CLG Bun Cranncha who scooped first prize in Léiriú with their drama ‘Sean Carraigeacha na hÉireann.’
The Donegal Scór Sinsir 2020 finals proved a triple treat for Inishowen clubs.
Hosted by CLG Seán MacCumhaills in Ballybofey’s Balor Theatre on Friday evening, CLG Malainn, CLG Iorras and CLG Bun Cranncha won prestigious county medals.
Talented singer Niamh Douglas (CLG Malainn) was crowned Donegal Champion Scór Sinsir Amhránaiocht Aonair.
The county Ceol Uirlise title went to wonderful musicians: Evelyn McGonigle, Fiona McFeely, Shaun McDaid, Patsy Toland and Kieran Kelly (CLG Iorras.)
The night was capped off by CLG Bun Cranncha who scooped first prize in Léiriú with their drama ‘Sean Carraigeacha na hÉireann.’ The drama was performed by: Dylan Cuff, Lauren Mulholland, Aoife Lennon, Ryan Bonner and Lisa Gallagher.
Speaking to Donegal Live before they set of to the Balor, Patricia Doherty (Tinney), who wrote and directed the CLG Bun Cranncha drama smiled as she thanked Davis McConnell and John McCarron, club chairperson and arts’ officer respectively, for asking her to “come on board.”
Patricia added: “We also got great encouragement from Adrian McMyler our treasurer. And praise where praise is due, the young people involved in the drama have been absolutely brilliant. They have worked extremely hard in rehearsals for Friday night’s performance.
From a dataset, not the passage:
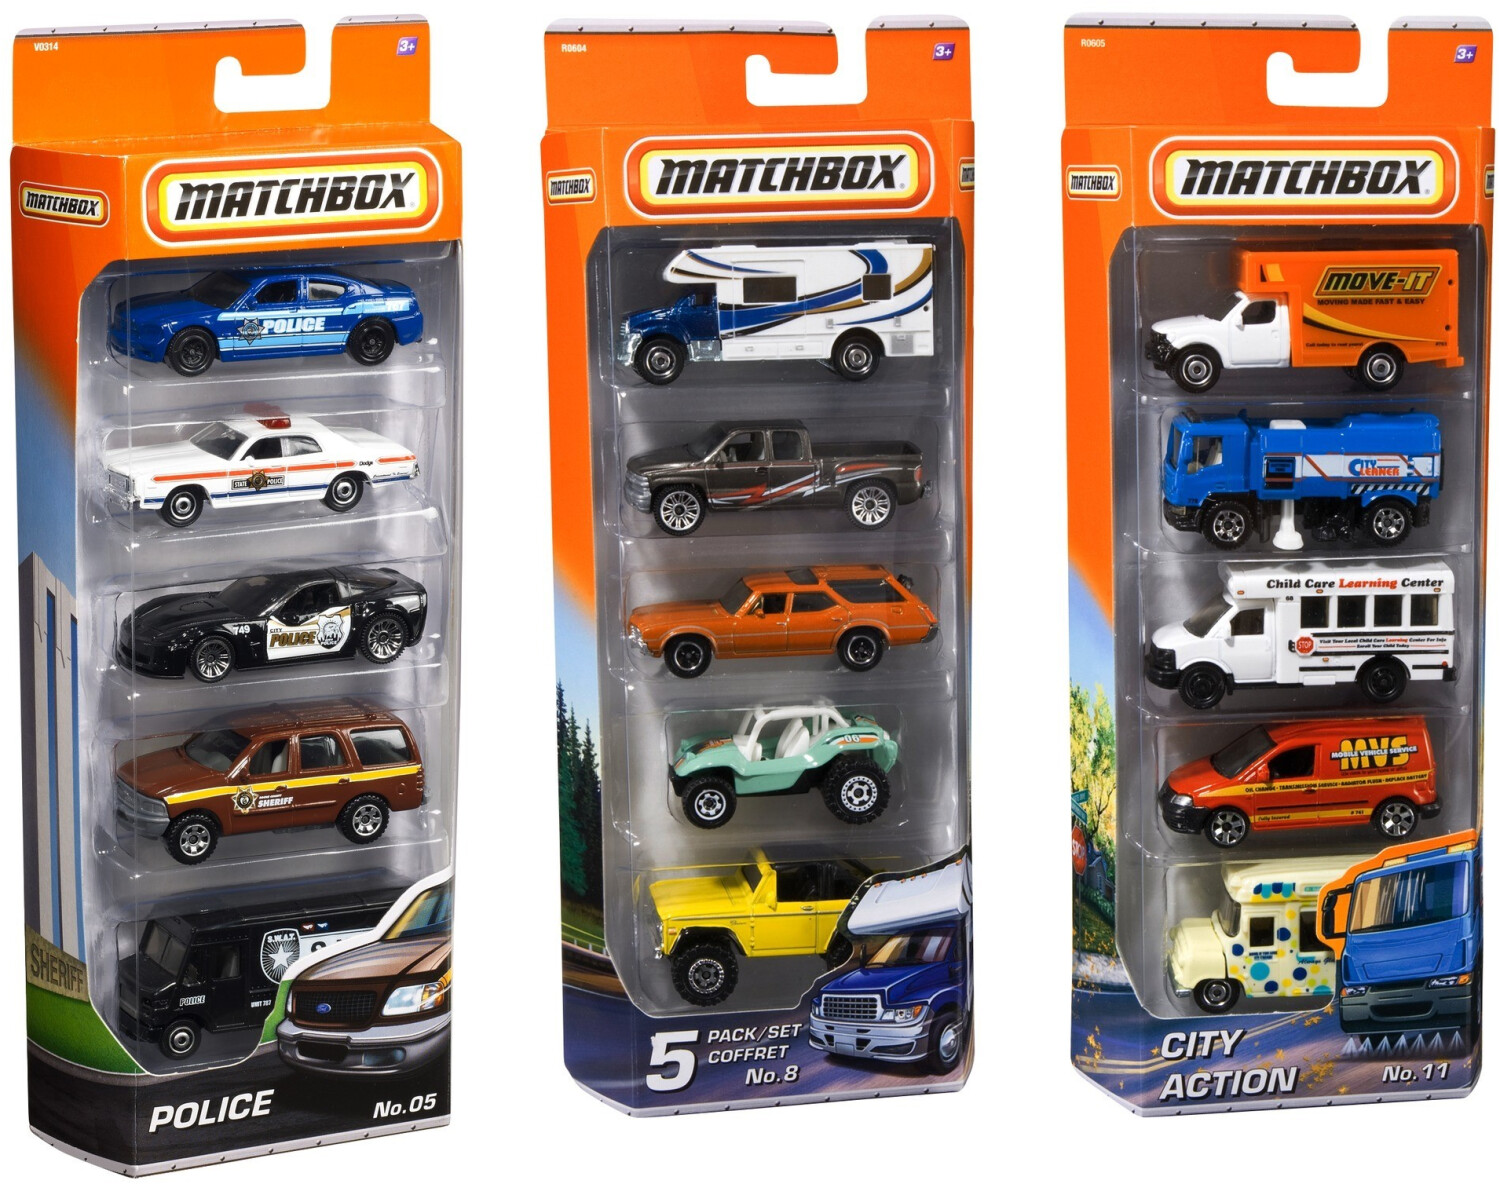 Buy Matchbox Set of 5 Vehicles from £7.99 (Today) Best Deals on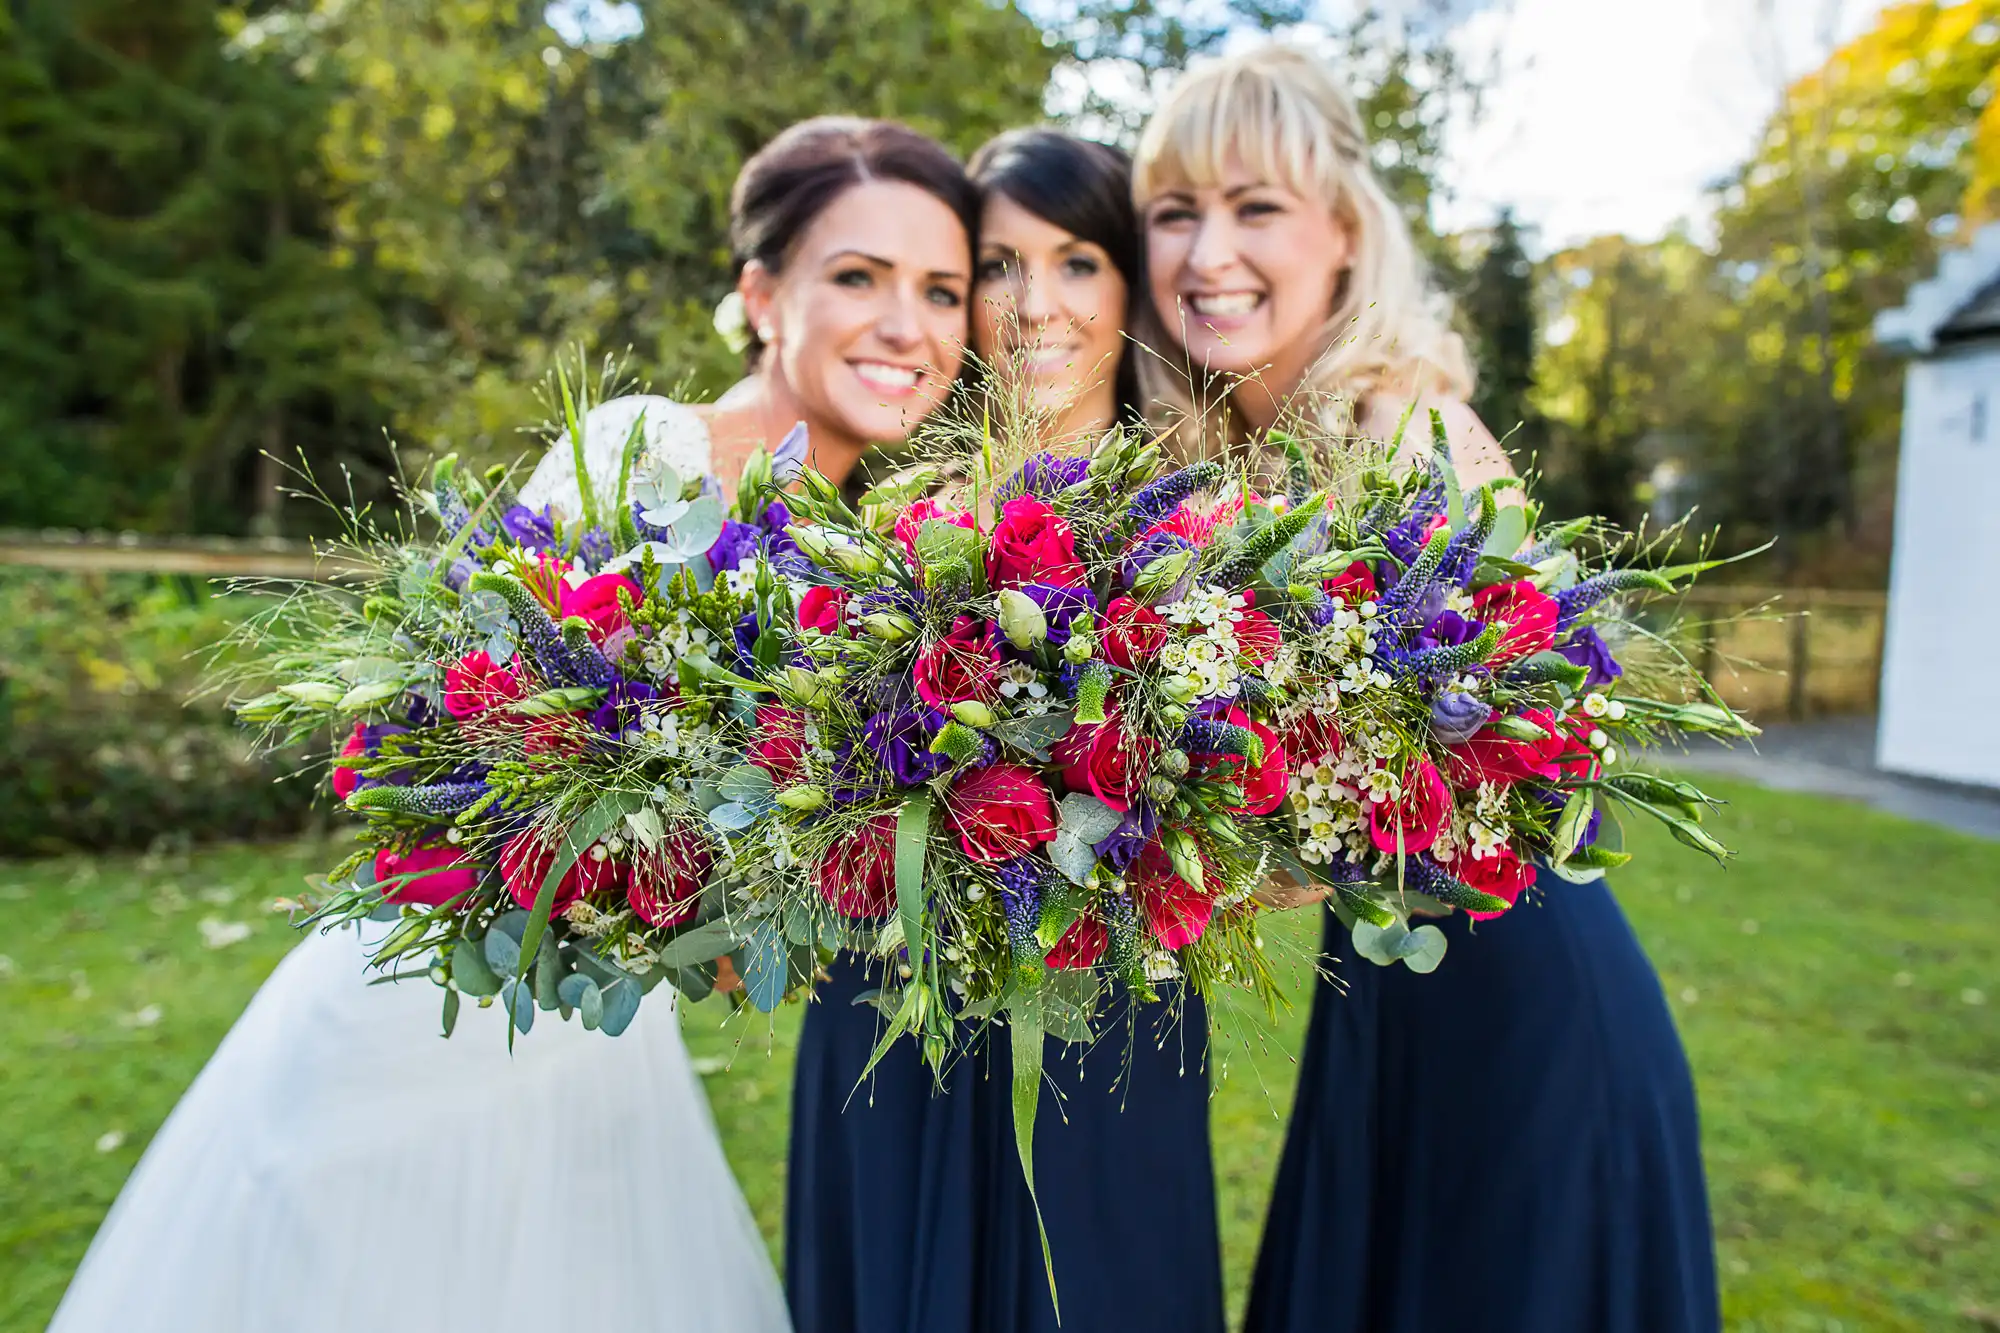 Three smiling women at a wedding, one in a white dress holding a large, colorful floral bouquet, flanked by two in blue dresses.

They are aged from 17 to 21.
“The drama is bilingual, Irish and English. It’s about the old rocks of Ireland. One of the actors is studying Law with Patrick McMyler, so we did the Stone of the Brehon Law because everything in Ireland was in stone.
“We have the milestone, which has relevance for all of us throughout our lives and even biblically, everything was written in stone. Our first magic was rubbing two stones together to create fire, with the Tuath Dé Danann coming to Ireland.
“Stone is steeped in culture if you took the time to explore. And we have beautiful quotes like, ‘The cold, grey stones of Ireland.’ The drama contains lovely pieces that I think are beautiful, lovely pieces. We did the milestone, we talked about the bard. How he came from town to town, sat on a stone and how he would be recognised by the High King of the area,” said a beaming Patricia.
On the Fair Day, people in Ireland traditionally took their rest on the stone.
“Our ancestors were wise and clever,” said Patricia, “because we were the Island of Saints and Scholars. Everything we did was done to perfection. The Brehon Laws still hold to this day.
“People were respected. If you had garb you had traded in because you did not have the money, the jewellery, the old Celtic jewellery, and everything you would have handed in, would have been given back to you for the Fair Day so that you would not lose face. I thought that was beautiful, so we have that included in our drama.
“In addition, Pat McMyler, who is fantastic and steeped in history, informed me about renowned hurlers, Christy Ring [Cork] and Liam McCarthy [Kilkenny]. That’s why the drama includes the Rock of the Sportsmen and the Rock of the Town.
“The Rock of any community is the GAA. It brings culture. It brings people together and everybody supports it, the community in unison. It is brilliant,” enthused Patricia.
Patricia Doherty is familiar with Scór. She and CLG Bun Cranncha previously got to the All-Ireland finals of the competition with a drama about the life of the revered St Colmcille.
Laughing she said Pat McMyler also told her about the ‘Bold John Joe’ from Cavan.
Patricia added: “John Joe died young because he got a hurt, a wound on the pitch and it affected him later on. He died in his 20s.
“And then the story of Liam McCarthy was very similar to Sam Maguire because he went over to London and he was buried in an unmarked grave,” said Patricia with pathos.